Page 1 of 2

Caught SIGSEGV, shutting down

Posted: Sun Mar 31, 2019 6:05 am
by hemak88
Nagios stopped checking alerts abruptly and stopped sending alerts.
Logs shows below error and since then until the time server was rebooted, no alerts came nor any logs.
nagios.log:

Code: Select all

[Wed Mar 27 22:20:35 2019] SERVICE ALERT: afpres01;Ping;OK;HARD;2;PING OK - Packet loss = 0%, RTA = 2.82 ms
[Wed Mar 27 22:21:22 2019] Caught SIGSEGV, shutting down...
[Thu Mar 28 08:38:10 2019] Warning: enable_embedded_perl is deprecated and will be removed.
[Thu Mar 28 08:38:10 2019] Warning: p1_file is deprecated and will be removed.
[Thu Mar 28 08:38:10 2019] Warning: sleep_time is deprecated and will be removed.
[Thu Mar 28 08:38:10 2019] Warning: external_command_buffer_slots is deprecated and will be removed. All commands are always processed upon arrival
[Thu Mar 28 08:38:10 2019] Warning: command_check_interval is deprecated and will be removed. Commands are always handled on arrival
[Thu Mar 28 08:38:10 2019] Nagios 4.4.3 starting... (PID=7176)
As per above logs, error "Caught SIGSEGV, shutting down." came on Mar 27 22:21:22 2019 and I restarted nagios on Mar 28 08:38:10 2019. In between this time we didn't receive any alerts or logs. What is causing this issue?
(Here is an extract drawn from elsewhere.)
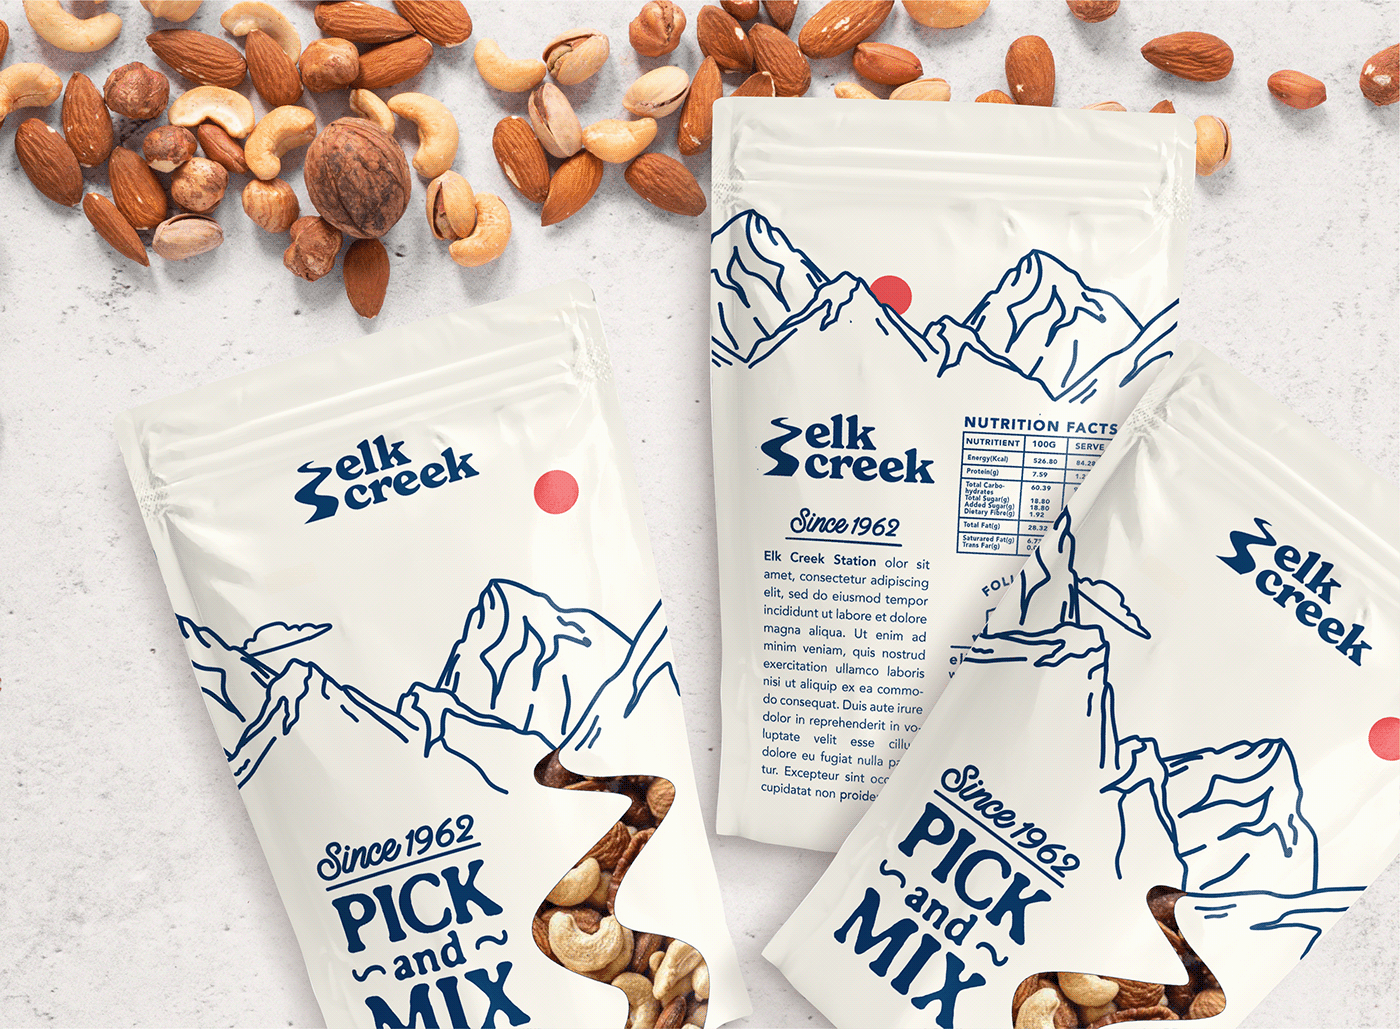 Food Packaging Food Packaging Design healthy food nuts nuts packaging Packaging pouch snack packaging Pouch Packaging
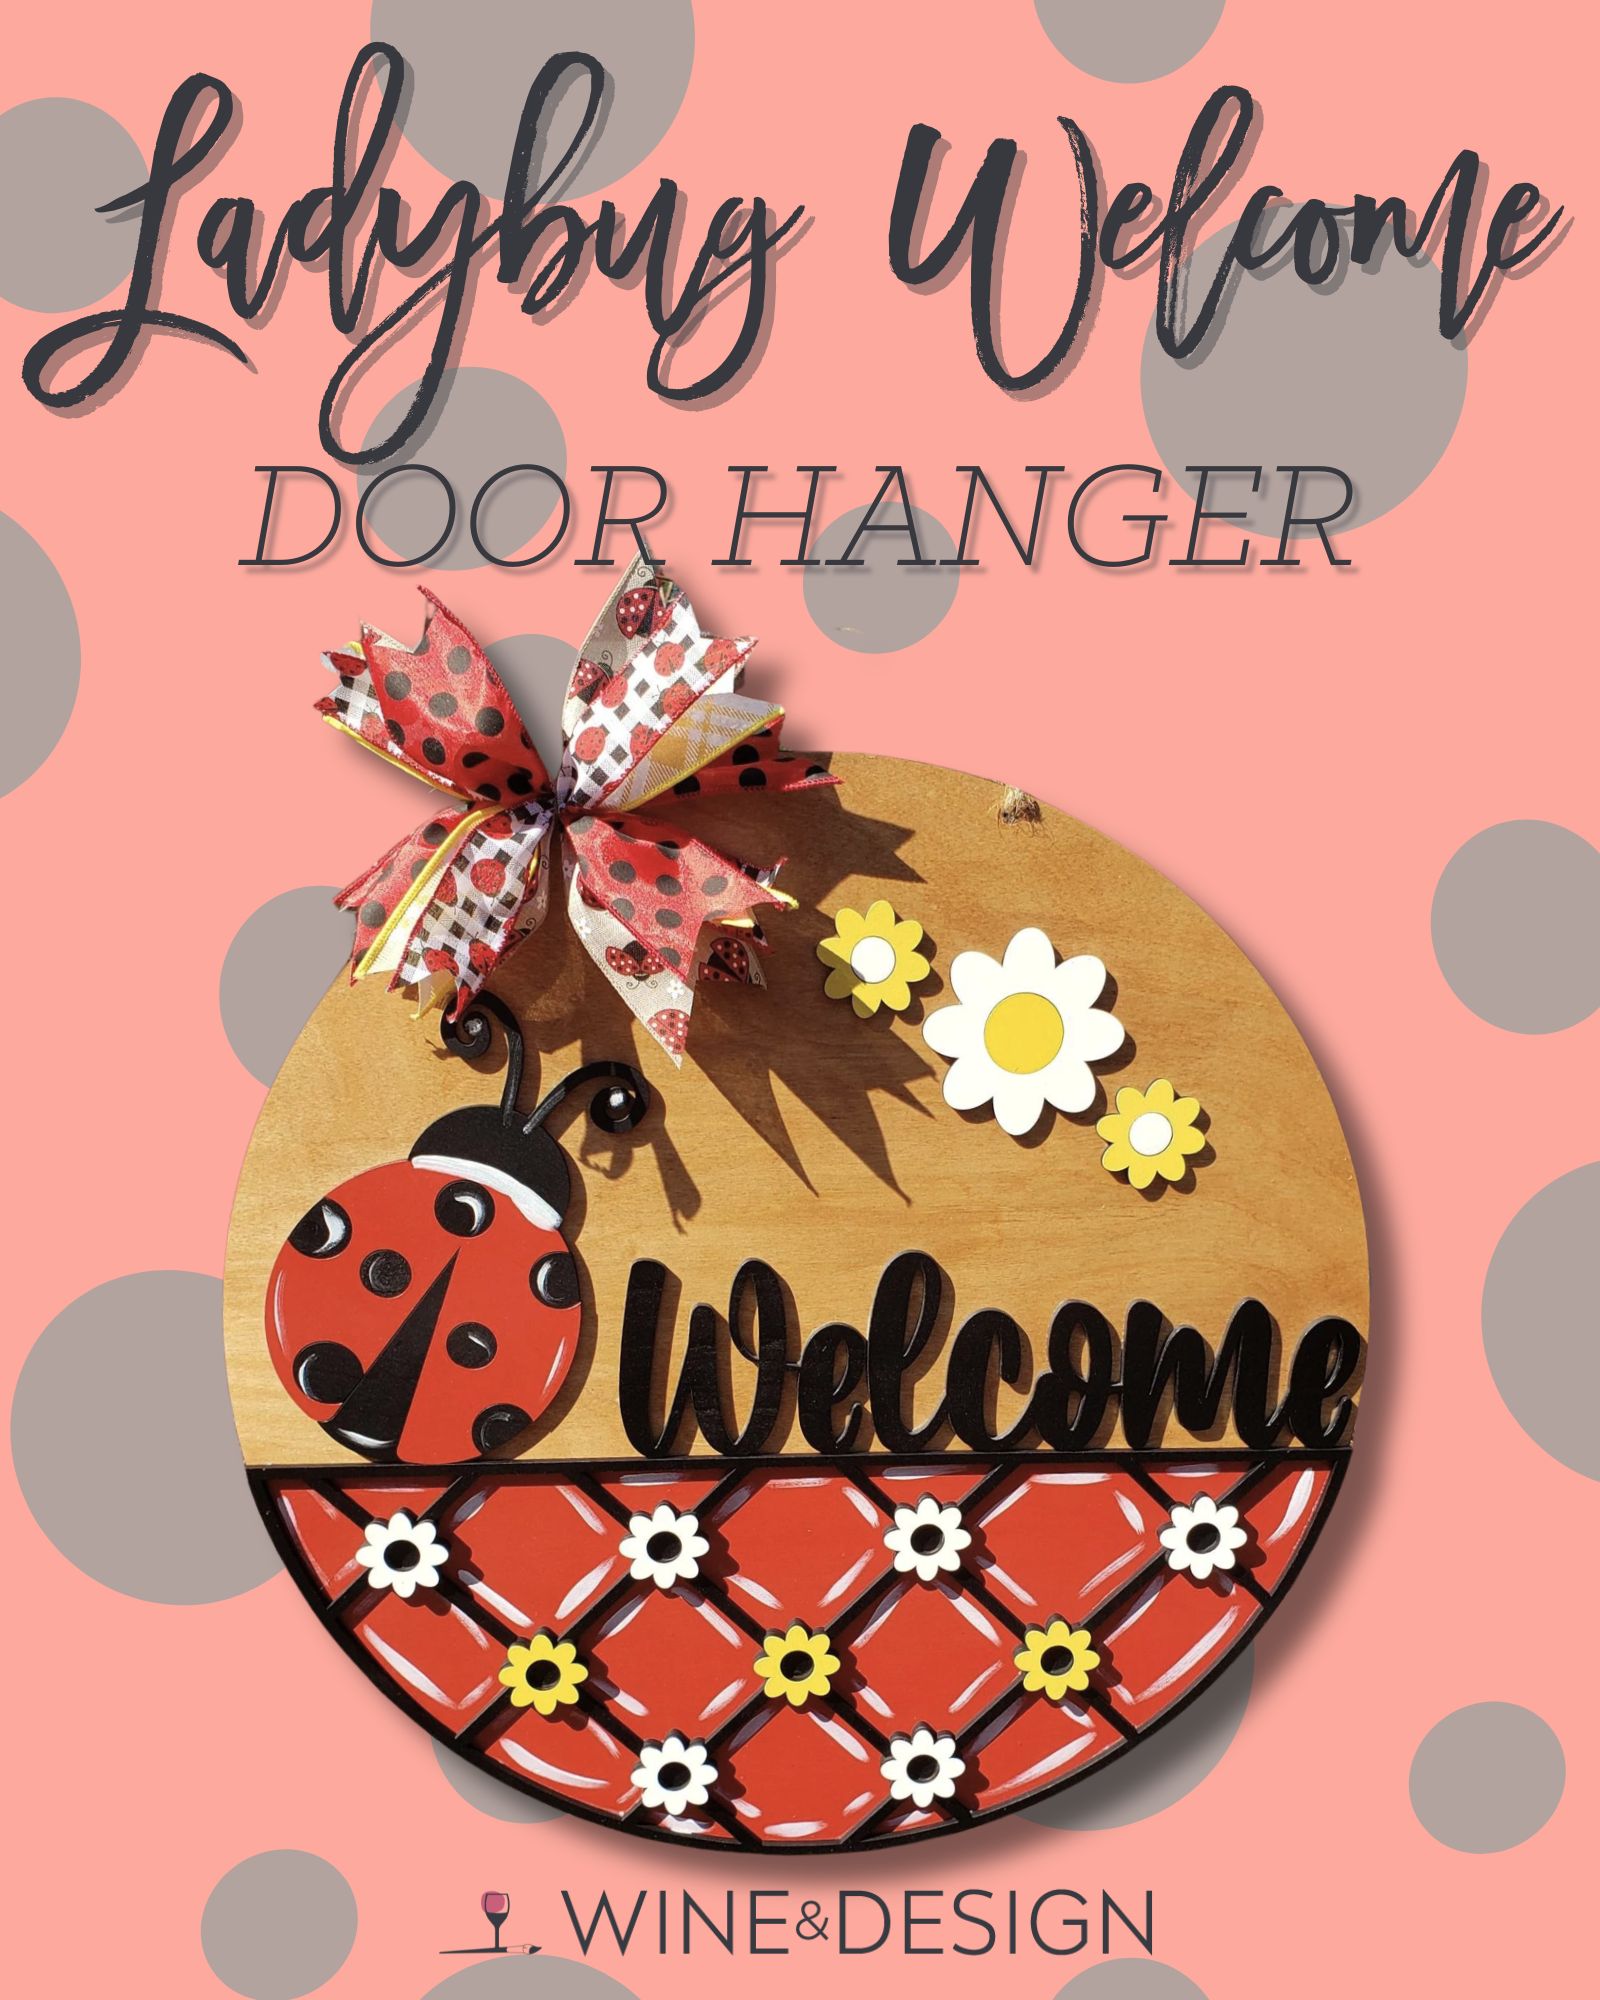 Ladybug Welcome Wooden Door Hanger

Re: Caught SIGSEGV, shutting down

Posted: Mon Apr 01, 2019 8:43 am
by scottwilkerson
SIGSEGV is an error(signal) caused by an invalid memory reference or a segmentation fault.

The most common cause of this would be if the server ran out of memory. How much memory does this server have? Is it running any other applications/services other than Nagios?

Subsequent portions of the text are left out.